Emoticons . . . meh. They serve a purpose when communicating online, avoiding miscommunications. I daresay I've done reams more online communicating than Cormac so he'd have to bow to my expertise there ;-)


Petergiaquinta Cormac (becomes corkscrew on my frickin stupid iPad autocorrect and gives credence to his use of the typewriter) bows to no man (or wo-man) in matters of grammar and technology.

Did you follow that link on the Physics Nobel page that led to the "interview" from the Parisian Review? That's a hilarious must-read for the McCarthy fan. (I restrained myself from the exclamation point there.)


message 2888: by Renee E (new) - rated it 4 stars

Renee E No, I haven't . . . yet! (There's your exclamation point!)


message 2889: by Monty J (new) - rated it 5 stars

Monty J Heying Renee wrote: "The home he grew up in in Knoxville burned to the ground not too long ago."

Were there suspicious circumstances?


message 2890: by Kallie (new) - rated it 5 stars

Kallie Renee wrote: "Edward wrote: "Petergiaquinta wrote: "Edward wrote: ""The Road" is the only McCarthy book I have seen...It has received many poor reviews on GR; one calling it the worst book ever written. "

And i..."


Funny, thanks. I am so guilty of semicolons; that's a lazy habit I'll blame on trying to avoid citing every damn statement in a term paper.
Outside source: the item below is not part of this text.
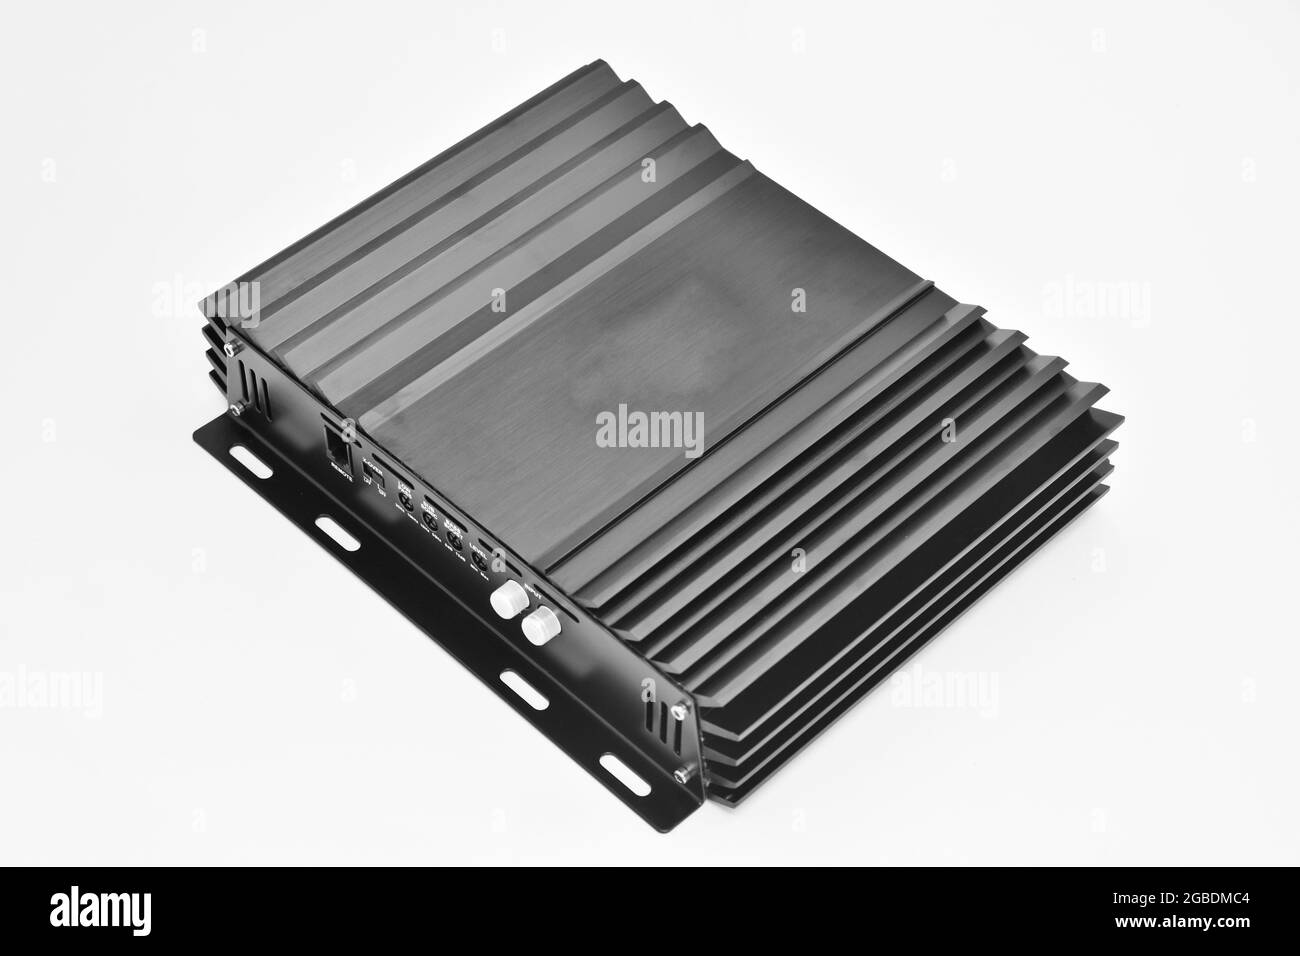 Car Amplifier Isolated On White Background With Clipping Path, Audio Equipment Stock Photo

message 2891: by Renee E (new) - rated it 4 stars

Renee E No, Monty, although his brother and sister-in-law did remark, jokingly, that Cormac was probably relieved it was gone before it could be stuck on the historic register (which was already being brought up), and that it was a good thing he had a solid alibi and well over a thousand miles of buffer.


message 2892: by Kallie (new) - rated it 5 stars

Kallie Oh, and I assume McCarthy was joking about not having read a novel in years.


message 2893: by Renee E (new) - rated it 4 stars

Renee E With Cormac, who knows?


Petergiaquinta Whuh? Huh?


Petergiaquinta Drinking while typing?


message 2896: by Karen (new) - rated it 5 stars

Karen Petergiaquinta wrote: "Drinking while typing?"

Yep. Frequently.


message 2897: by Leslie (new)

Leslie got jelly?


message 2898: by Kallie (new) - rated it 5 stars

Kallie Edward wrote: "Whatever the "sophisticated" inside commentary implies if anything escapes me and I have no desire to be found. Cormac and his group of followers, who probably write a lot of his brilliance for him..."

Well, I see what you mean Edward. I'm not saying it's the case with McCarthy, but a lot of people are always looking for a guru of some sort.


message 2899: by Karen (new) - rated it 5 stars

Karen Leslie wrote: "got jelly?"

Hahaha! Had to think about that for a minute.


Petergiaquinta It took me awhile, too.

I sincerely doubt anyone's writing McCarthy's material for him. He isn't exactly what you'd call prolific.